Guzman et al found that substantia nigra (SN) DA neurons exhibit a much higher basal level of cellular oxidative stress than DA neurons from the neighboring ventral tegmental area (VTA) which lack these L-type calcium channels. This suggested that Ca2+ influx may somehow be responsible for increased levels of oxidative stress. Indeed when they blocked L-type channels with isradipine, the level of oxidative stress decreased dramatically in SN DA neurons. The research group went on to show that a curious phenomenon, mitochondrial uncoupling, occurs in SN DA neurons as a compensatory mechanism against increased levels of oxidative stress. By uncoupling the mitochondrial electron transport chain from the production of ATP, these neurons are able to reduce the production of toxic reactive oxygen species (ROS) which are a byproduct of the respiratory chain. The authors demonstrated that the uncoupling events, measured by fluctuations in the mitochondrial membrane potential, were dependent on Ca2+ influx and levels of ROS. Again, blocking L-type calcium channels decreased the incidence of these uncoupling events, presumably by reducing oxidative stress levels in the neurons. The data suggests that Ca2+ influx, oxidative stress, and mitochondrial uncoupling are intricately linked together.

The most interesting part of this study was the connection that the authors found between these processes and DJ-1, a protein implicated in Parkinson’s. People with a homozygous loss-of-function DJ-1 mutant genotype develop an early-onset form of PD. To test the role of DJ-1 Guzman et al used a mouse with the DJ-1 gene knocked out. DJ-1 knockout DA neurons exhibited very low levels of mitochondrial uncoupling and correspondingly higher levels of oxidative stress, suggesting DJ-1 might somehow be regulating the mitochondrial response to oxidative stress. Amazingly, blocking the L-type calcium channels completely rescued this oxidative stress effect. Earlier work had implicated DJ-1 in redox signaling pathways and upregulation of antioxidant proteins (Kahle et al, 2009). Thus the authors decided to check whether DJ-1 was exerting it’s effects at the gene expression level. They observed that DJ-1 knockouts had lower transcript levels of some of the key mitochondrial uncoupling proteins, but expression of antioxidant enzymes was unaffected. The authors concluded that a loss of DJ-1 functionality weakened the compensatory mechanisms in mitochondria, making the DA neuron much more vulnerable to oxidative stress in the SN. This may explain why people with homozygous DJ-1 mutations end up suffering from early-onset PD.

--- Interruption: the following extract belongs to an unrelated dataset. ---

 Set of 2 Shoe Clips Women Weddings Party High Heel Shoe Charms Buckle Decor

The key finding of this study was that the intracellular impairments resulting from a DJ-1 mutation can be reversed by using L-type calcium channel blockers such as isradipine. Isradipine belongs to a class of molecules known as dihydropyridines which are widely prescribed as a treatment for high blood pressure in humans. Perhaps most importantly, these drugs can cross the blood-brain barrier. Recent epidemiological studies support a decreased risk of developing PD in chronic users of dihydropyridines (Becker et al, 2008; Ritz et al, 2010). This offers a ray of hope for PD patients. In fact, clinical trials using isradipine in PD patients have already begun and are in Phase II, with Phase III trials expected to be launched in the next year.

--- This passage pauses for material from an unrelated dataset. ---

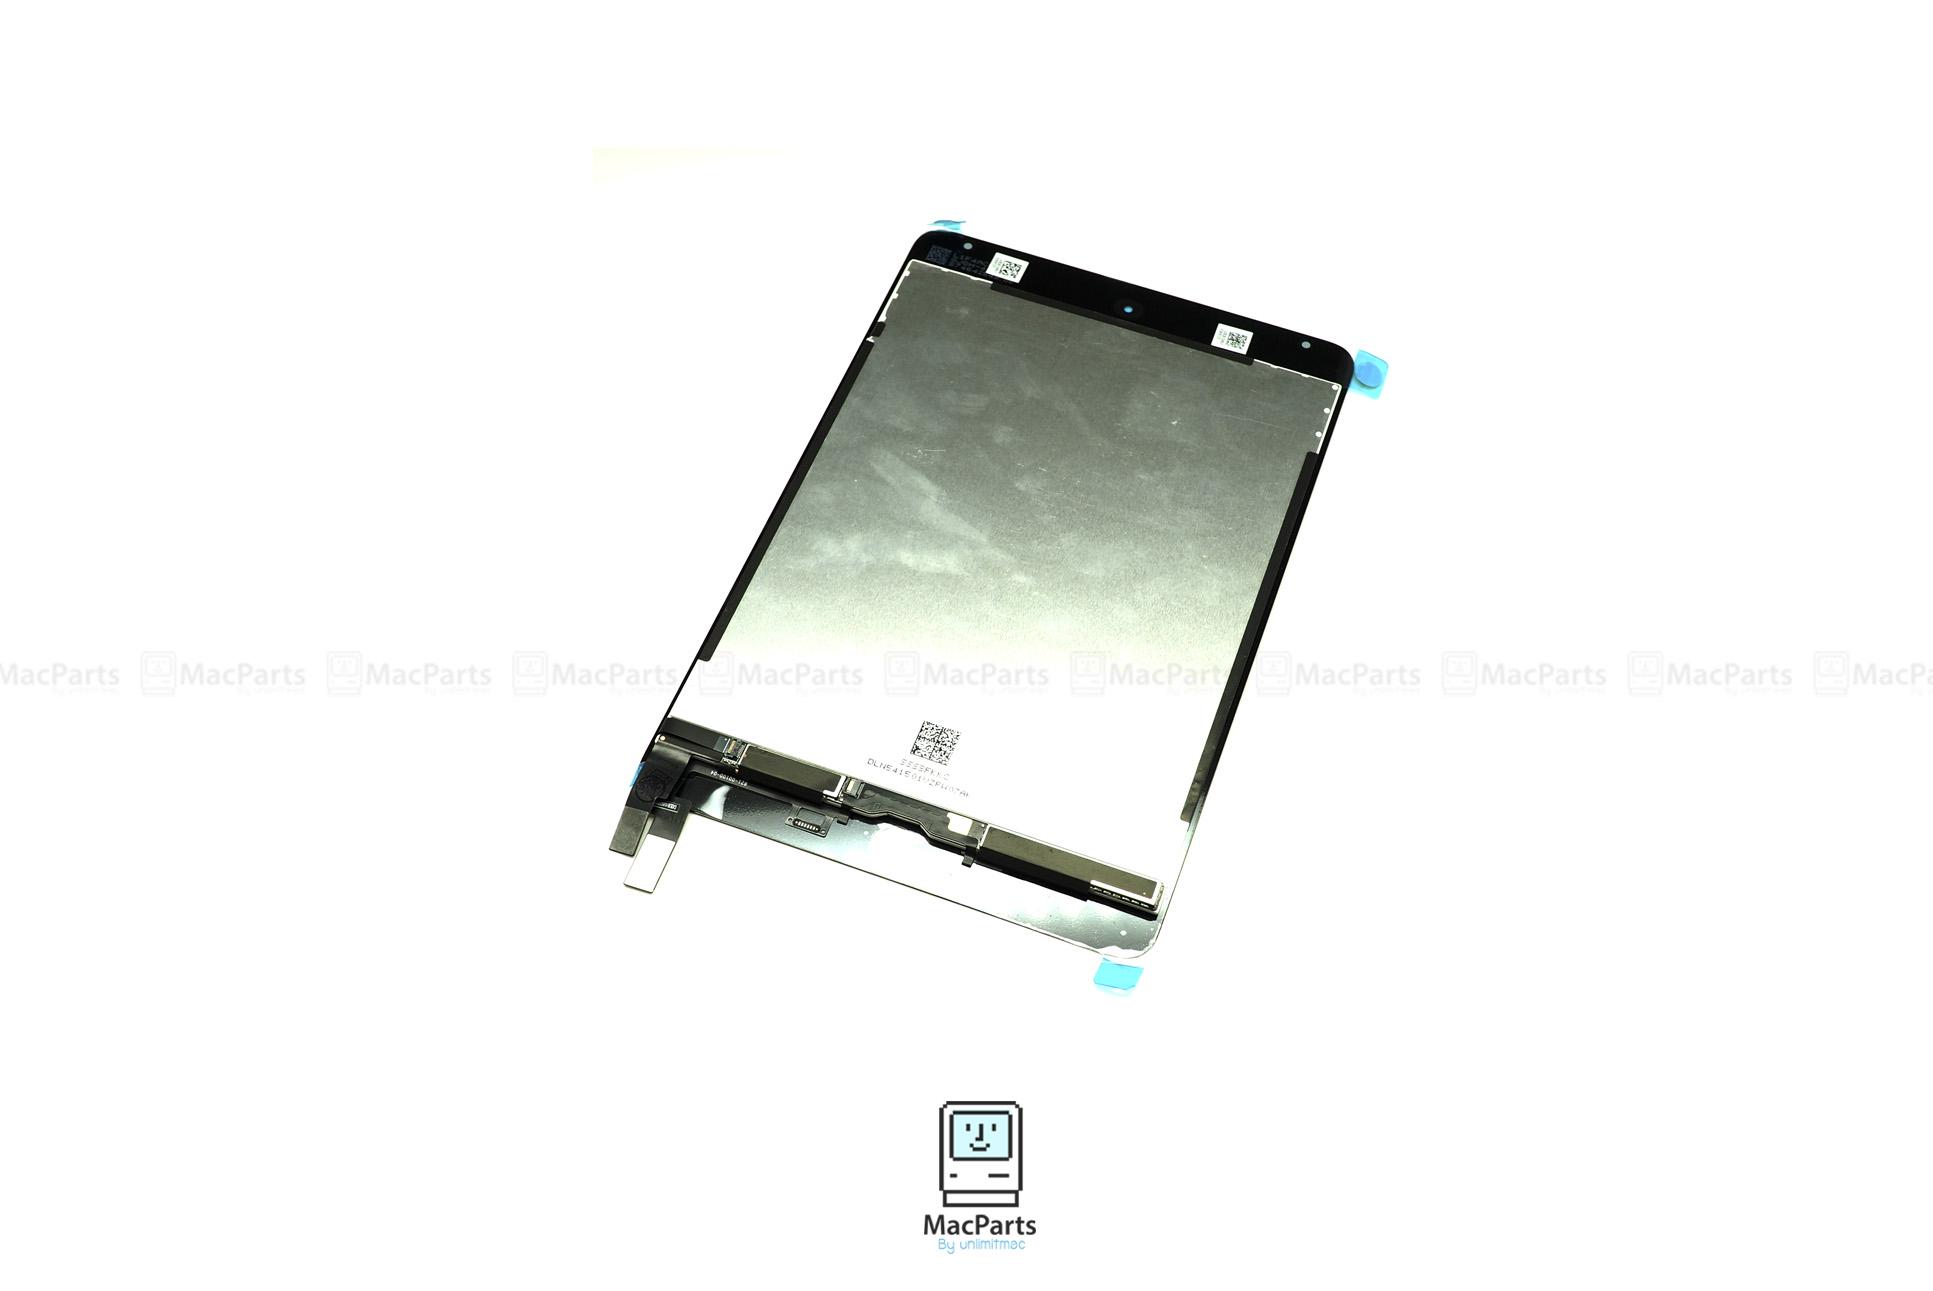 LCD Screen Display with Digitizer Touch Panel iPad mini 4 Black +IC Chip , Touch ID ชุดทัชสกรีน+จอ iPad mini 4 พร้อมชุดปุ่ม โฮม,ทัชไอดี และ IC Chip สำเนา

The research by Dr. Surmeier’s group is remarkable in many ways in that it not only elucidated the mechanism underlying the function of a protein implicated in PD, but also identified a drug target and a potential drug candidate that is already in clinical trials. However a lot more needs to be understood about L-type calcium channels and their role in genetic as well as sporadic forms of PD. It may well be that blocking these channels only offers protection in DJ1 knockout and neurotoxin models of PD. Lets keep our fingers crossed that this is not the case.